With respect to the media, Poehlmann suggested, “Be creative. For example, make ‘chainsaw wine’ signs and bumper stickers.” They have been fighting an 18,000-acre Preservation Ranch project.
“Big Wine is a Big Problem,” reported Warren Watkins, who arrived directly from a celebration of the Russian River. Groups throughout the North Coast have been showing the acclaimed new documentary “The Russian River: All Rivers” to sell-out audiences. It includes substantial footage and interviews about the damage that wineries do to watersheds.
Watkins spoke for Healdsburg Citizens for Sustainable Solutions, which has helped mobilize hundreds of residents to attend various governmental meetings. He noted that wine tourism creates extra demands for water. “Healdsburg and Sonoma have been ordered by the state to cut their water use more than any other city in Sonoma County. These are the two biggest tourist towns in the County.”
“This is a regional issue,” commented Greenbelt Alliance’s Teri Shore. “Our groups must look at community separators, to preserve the open spaces and greenbelts between our cities. Right now I’m focused on renewing community separators policies in Sonoma. We need to examine the bigger picture and work together.”
Calistoga Meeting Ends, The Struggle continues
The six-hour gathering concluded with an evening session on issues such as a mission statement and the group’s name. Members of Preserve Rural Sonoma County were present. Its mission statement includes the following: “Our mission is to promote limits on the encroachment of large wine and spirits processing complexes/events centers and their negative impacts upon residential neighborhoods and inappropriate rural areas.”
Four Counties Network (FCN) was the tentative name agreed upon to identify the collaboration of these diverse groups in distinct counties. It is a working name that may change.

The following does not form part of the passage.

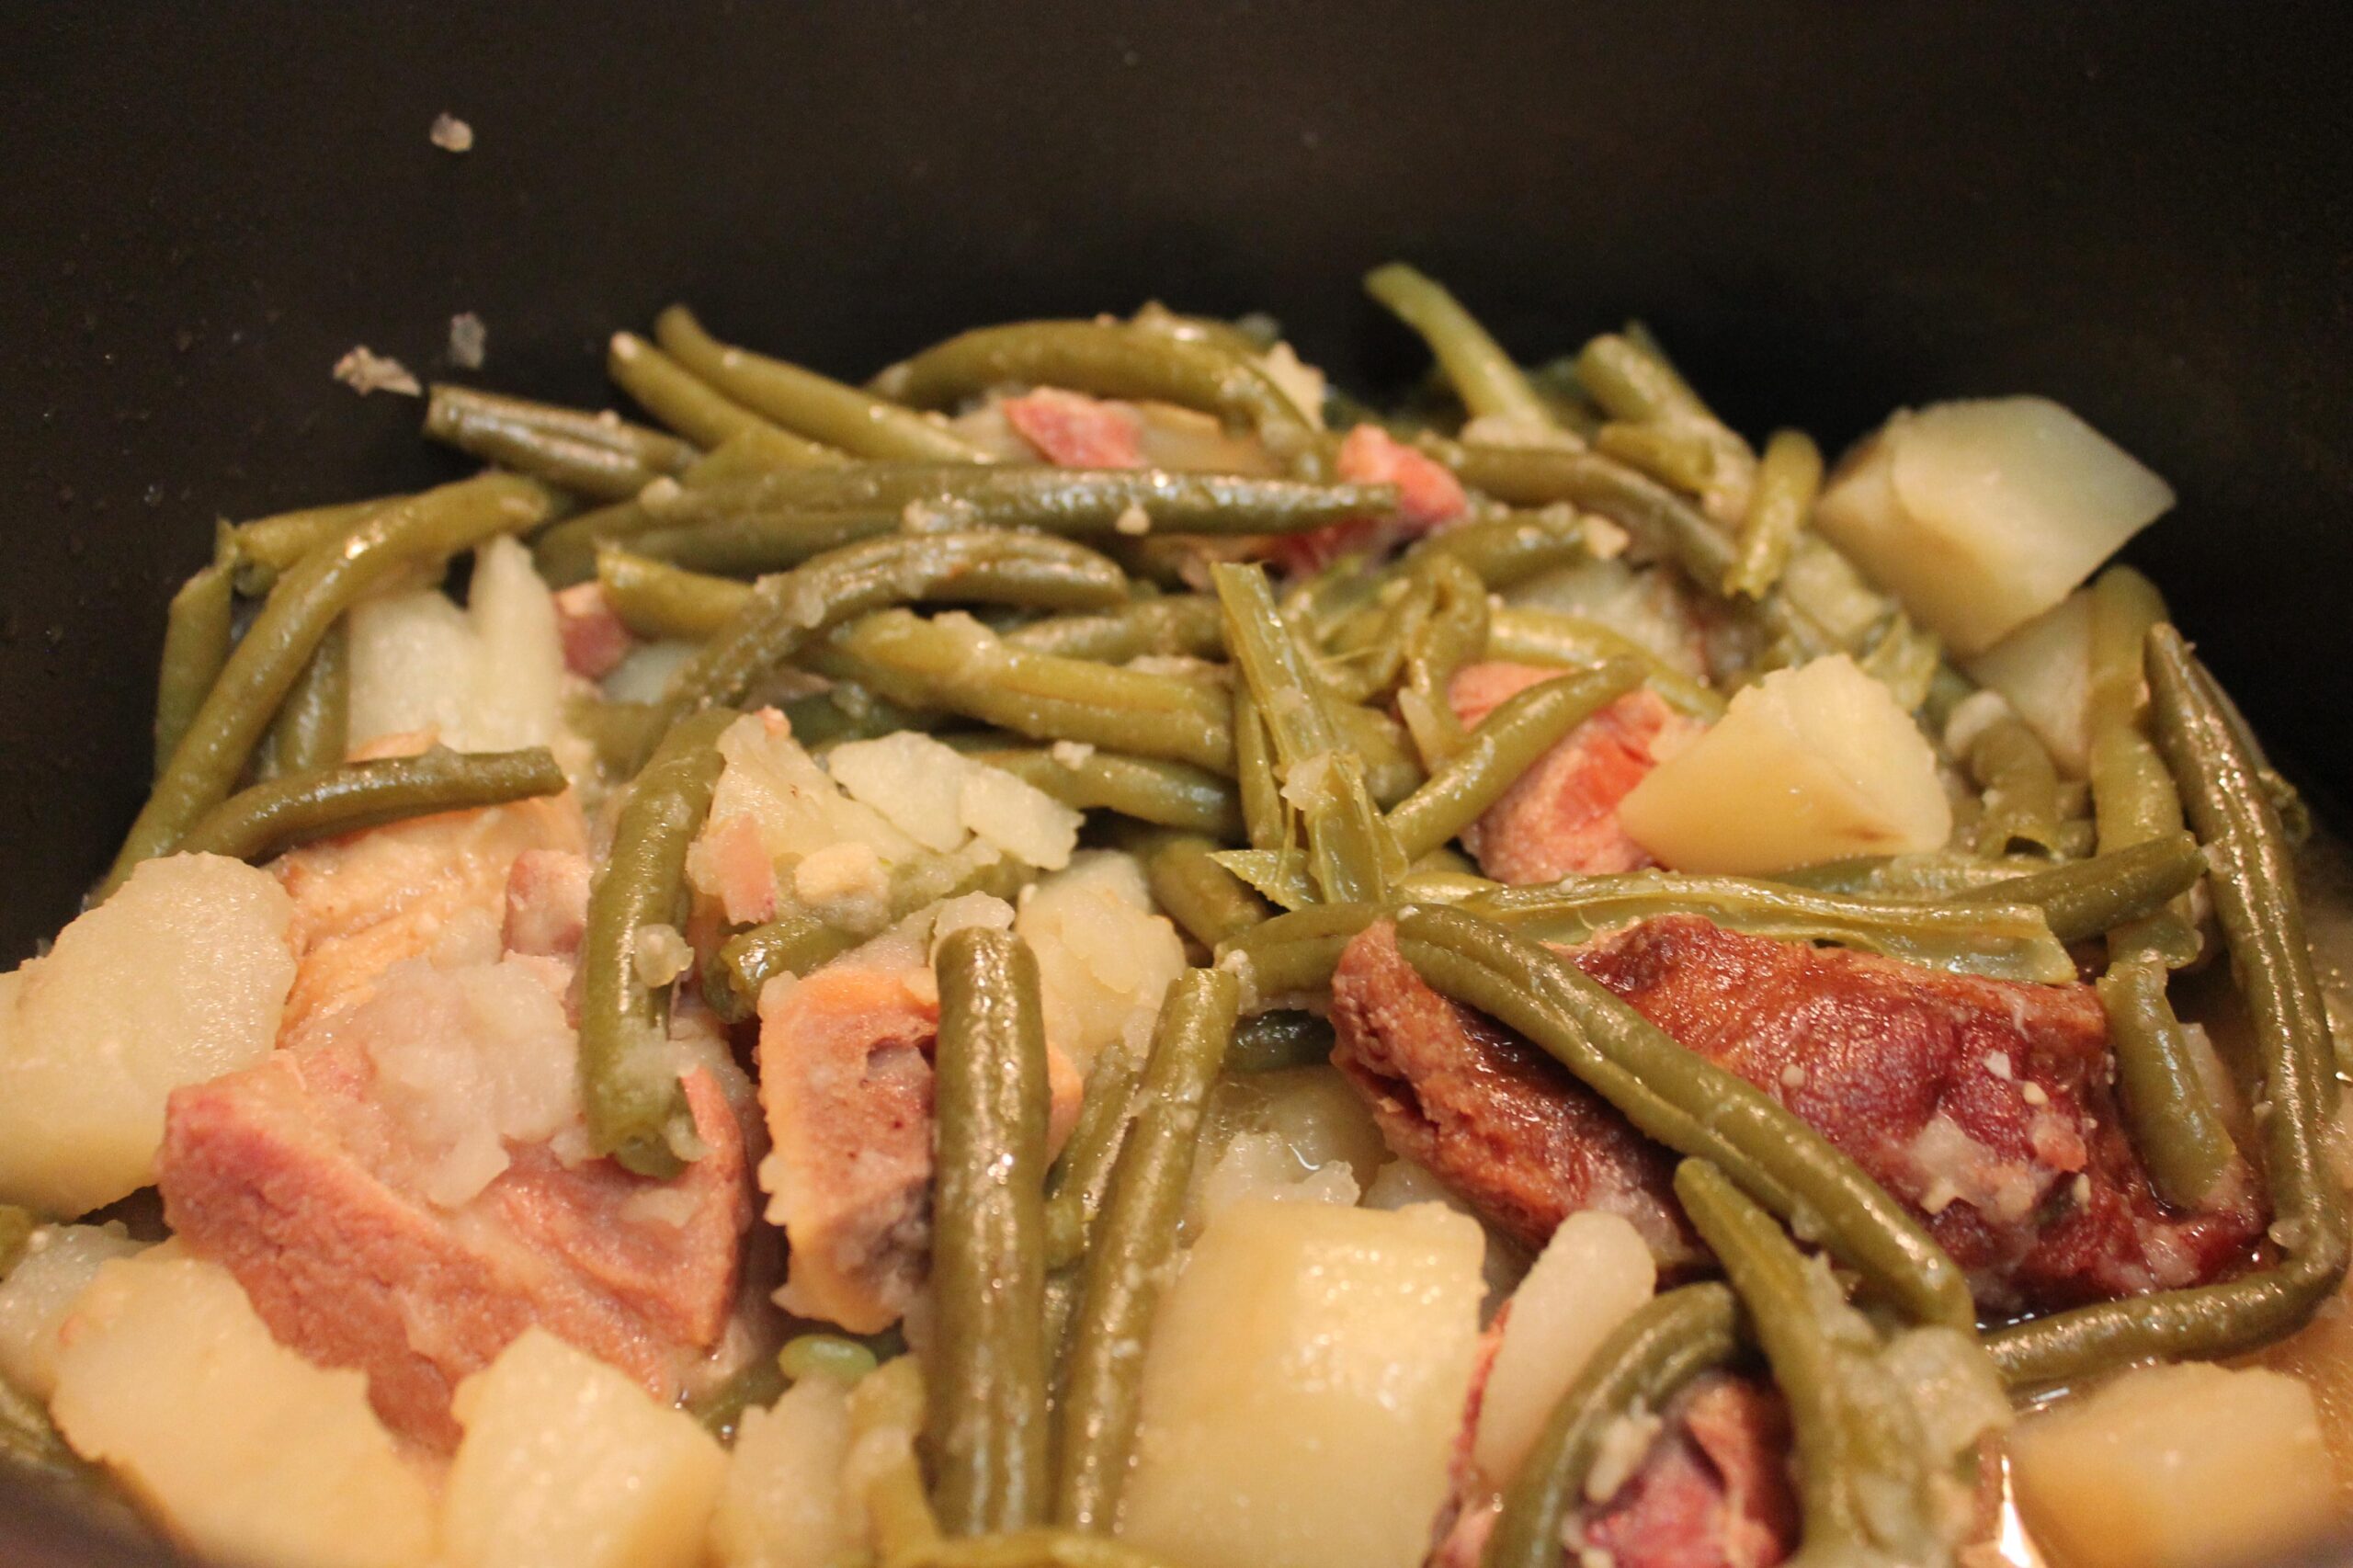  A classic southern recipe that never fails to delight the taste buds.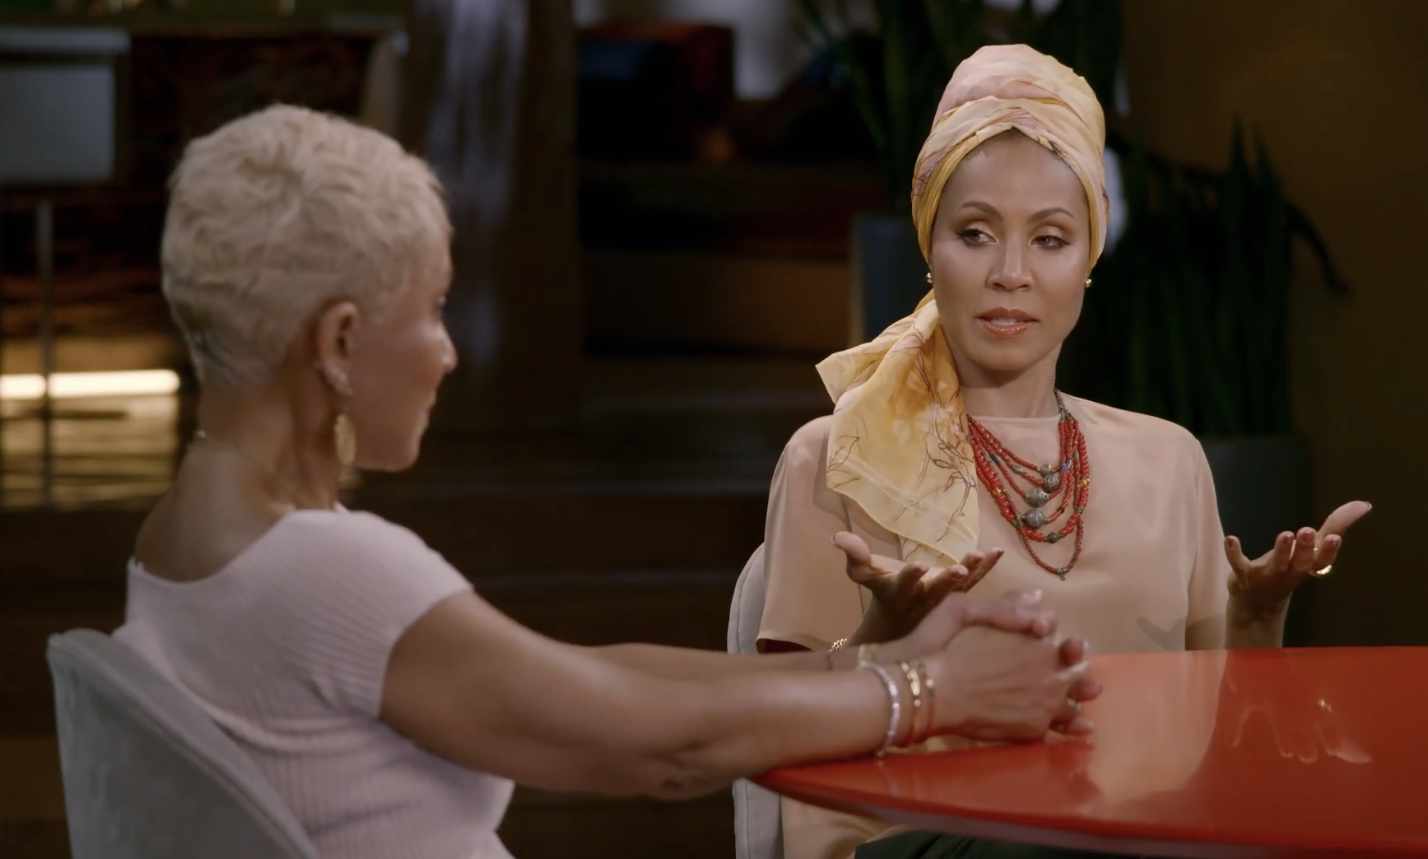 Jada speaking to her mother on an episode of Red Table Talk. Jada is wearing a beautiful head wrap

It signifies the desire to mobilize a mass movement into a united struggle to ensure the preservation of the rural nature of these neighboring North Coast California counties, which includes their historic agrarian cultures.
“Four County Network members have common concerns regarding impact,” noted Napa’s former winery executive Robert Dwyer. “We are united by out-of-control negative impacts upon our regional resources. We are not going away. Network member organizations plan to monitor, challenge, and participate in future land use policy decisions in the region.”
Since it takes about 30 gallons of water to produce one glass of wine, extensive water use by wineries as events centers was a major concern of the gathering. After reading a report on the meeting, geologist Jane Nielson, Ph.D., of the Sonoma County Water Coalition wrote the following in an email:
“The US Geological Survey’s 8-year study of groundwater under the Santa Rosa Plain showed an annual deficit of 3,300 acre-ft (just over a billion gallons) per year, due mostly to agricultural and rural residential pumping from wells, which the County has permitted with no limitation. The County permits more and more and more water extraction by new wineries, distilleries, and event centers by large wine-making concerns.”
“How many wineries and wine-based entertainment centers does one firm really need?” asked geologist Dr. Nielson.